As part of his promotional tour, Davis allowed me to pester him with mostly nonsensical, oftentimes-mumbled questions. Below is the first half of what resulted. Part Two -- which covers all the fun stuff, like Davis' thoughts on blogs and Buzz Bissinger -- can be read here. Enjoy.
OK, so the book is "When March Went Mad: The Game That Transformed Basketball." I'm a bit of a younger guy, I suppose -- I'm 23 -- and a lot of the book to me was new information, but was that a conscious decision behind it? Will someone who was around and a college basketball fan in 1979 know all of this? Were you aiming for a younger audience?
Well I think because of your age, you're used to a world where everybody knows everything as its happening. Even for people who were around during this time and watched the game and were big basketball fans, just because there was a fraction of media outlets around now, so much of this story really is not known. People have said to me, well, you know, so much is known about Magic and Bird it can't be that challenging, well yeah, a lot's known about what they did in the NBA, but for a lot of people watching this game, this is the first time they'd ever seen them play. You just didn't see them during the course of the season.
I have a nugget I keep coming back to in the book. The night of the title game, Bryant Gumbel on the NBC pregame show made a comment during some highlights: "If you haven't seen Larry Bird play, you're in for a treat." Think about that. It would never have occurred to me last year on CBS to say, "If you haven't seen Derrick Rose play, you're in for a treat." So, I think that any history book if it's done well -- and I hope this one is -- that just because you weren't alive when it was happening, it can still be interesting. In fact I hope the opposite is true. Now that you know what's happened since, you can go back to certain points in time and say this is where it all began.

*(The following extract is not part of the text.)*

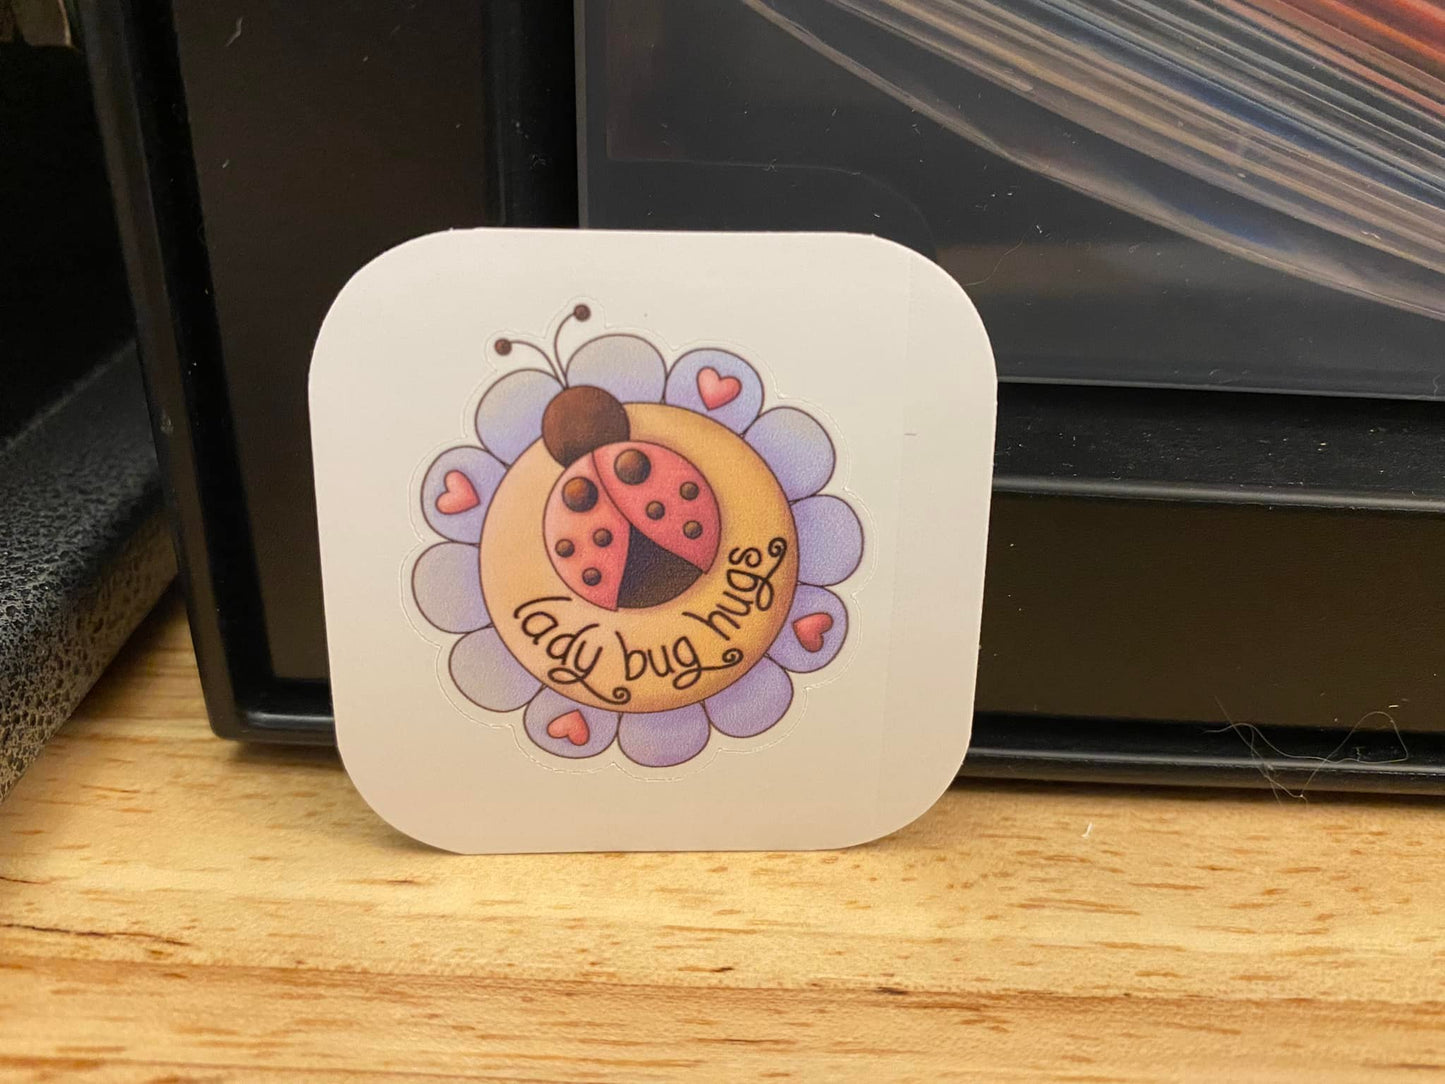 Cute Lady Bug Hugs Sticker

One of the more interesting, probably less well-known parts centered on Larry Bird's shyness. Growing up with him as a big star, it surprised me that he was so cripplingly shy. He almost didn't get out of his hometown, that sort of thing.
Yeah, that's a great example. One of the first things that knocked me out when I was doing this research was, I never realized how close Larry Bird was to not playing college basketball. I go back to the moment when Bill Hodges rolls into French Lick and knocks on Bird's door, and Larry's mom answers. He explains he's an assistant at Indiana State and he'd like to talk to Larry, and she slammed the door in his face. "Leave him alone, why don't you all leave him alone, he doesn't want to play," and so on. If Bill Hodges had listened to her, and shrugged his shoulders and said "I guess we're not getting him," we would never have known who Larry Bird is. So at the end of the day, I wanted this to be a coming of age story. What happens in college? You arrive a boy and you leave a young man. That is what really happened to those guys, and more than anything else that's the story I tried to tell.
There's a good amount in the book about Magic Johnson's recruiting process -- there's even a passage where former Michigan State head coach Jud Heathcote catches a little heat for, well, not cheating, but for some borderline unethical stuff -- so I'm wondering if in your research you got a chance to see what recruiting was like in 1970s, 1980s. Was it sleazier than now? With less information and transparency, could coaches get away with more?
That's a great question, and I cover a lot of recruiting, so that's one of the ways that offers you a touchstone to compare it to. I would say that the world of recruiting is much sleazier now. It's not even close. The reality is the sport has grown to the point where there's just more money to be made, so all of that corruption comes with money. Which is not to say that cheating was invented in 1985 -- people have been cheating since men were in caves.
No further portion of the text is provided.